Works on any shellcode, regardless of lifter coverage. Useful for stageless cobalt, exotic syscall-heavy payloads, anything too large or weird to virtualize. Loses the per-instruction virtualization defense but keeps the full per-seed VM polymorphism on the wrapper.
Build pipeline
How --pack wraps the original shellcode as an encrypted data island behind a one-instruction synthetic IR program.
flowchart TB
A[shellcode.bin] --> SKIP[skip CFG build, skip lift]

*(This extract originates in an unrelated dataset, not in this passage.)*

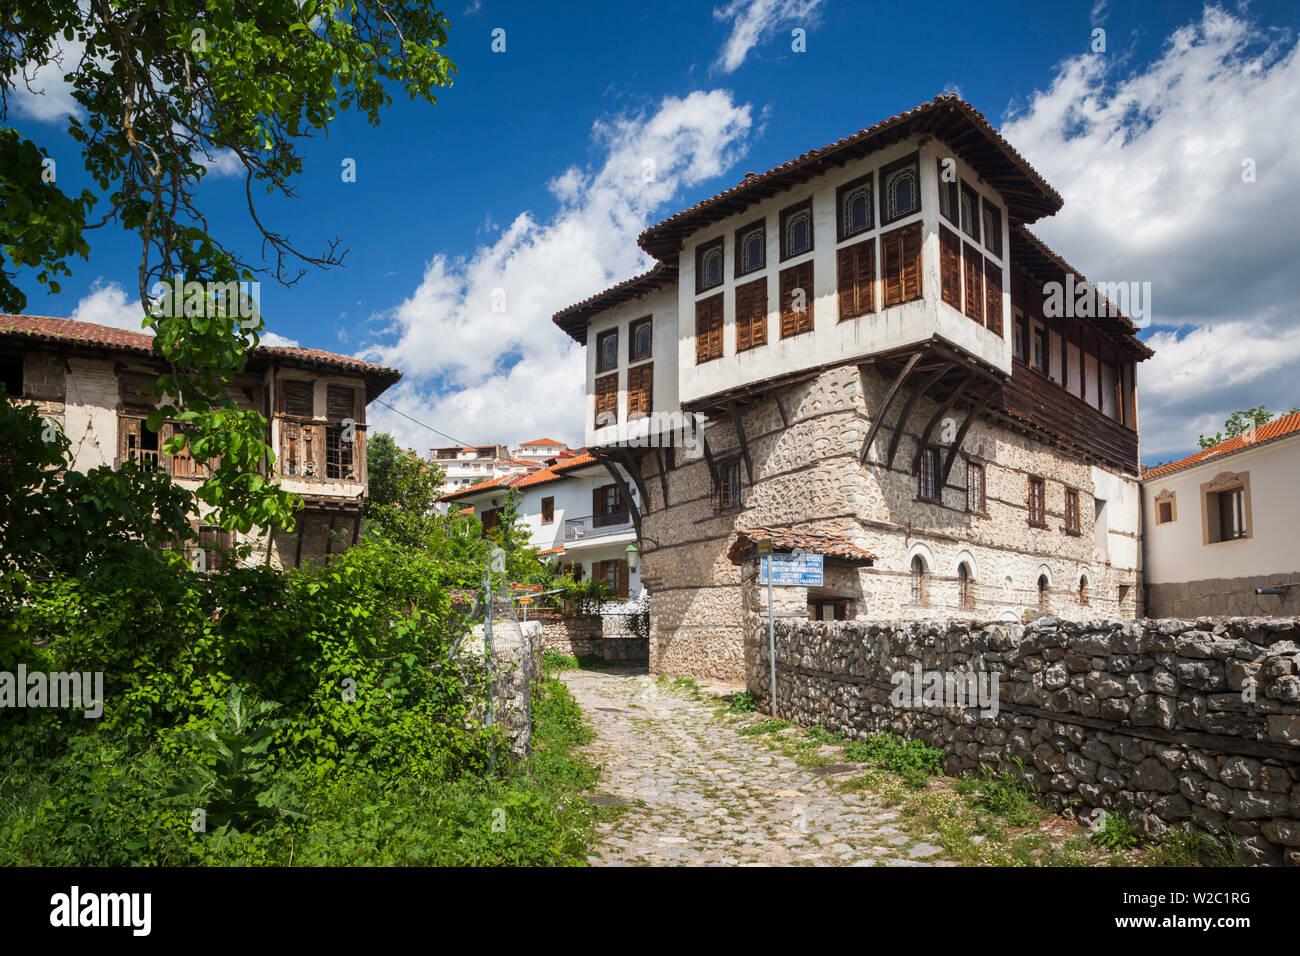 Grecia, Macedonia Occidental Región, Kastoria, Museo de Trajes tradicionales alojado en casa de la era otomana Imagen De Stock

SEED[seed u64] --> VMC[VMConfig polymorphism axes as in default mode]
SKIP --> SYN[synthesize 1-insn IRProgram: one block with JMP_NATIVE Imm 0 Width Q]
SYN --> SETF[VMConfig::set_pack_mode true, set_data_island_size shellcode.size]
SETF --> ENC[BytecodeBuilder encodes the 1 insn into ~35 bytes]
ENC --> CDATA[data island = entire shellcode bytes verbatim]
CDATA --> ECIPH[encrypt shellcode bytes with cipher_init as the data island]
ENC --> ECIPH2[encrypt bytecode + block table + handler table]
VMC --> STUB[VMCodeGen::emit_full]
STUB --> FLAG[data_island_init_flag byte starts at 0 because pack_mode true]
STUB --> ASM[finalize layout]
ECIPH --> ASM
ECIPH2 --> ASM
FLAG --> ASM
ASM --> OUT[out.bin]
Runtime flow
What the pack wrapper does on first entry, including the gated lazy decrypt of the data island and the single synthetic JMP_NATIVE that hands control to the now-plaintext shellcode.
flowchart TB
ENTRY[blob entry] --> PROL[prologue + state init]
PROL --> SKIP_DI[skip data island decrypt because data_island_size gated on pack_mode false at build]
SKIP_DI --> DBT[decrypt block table in place]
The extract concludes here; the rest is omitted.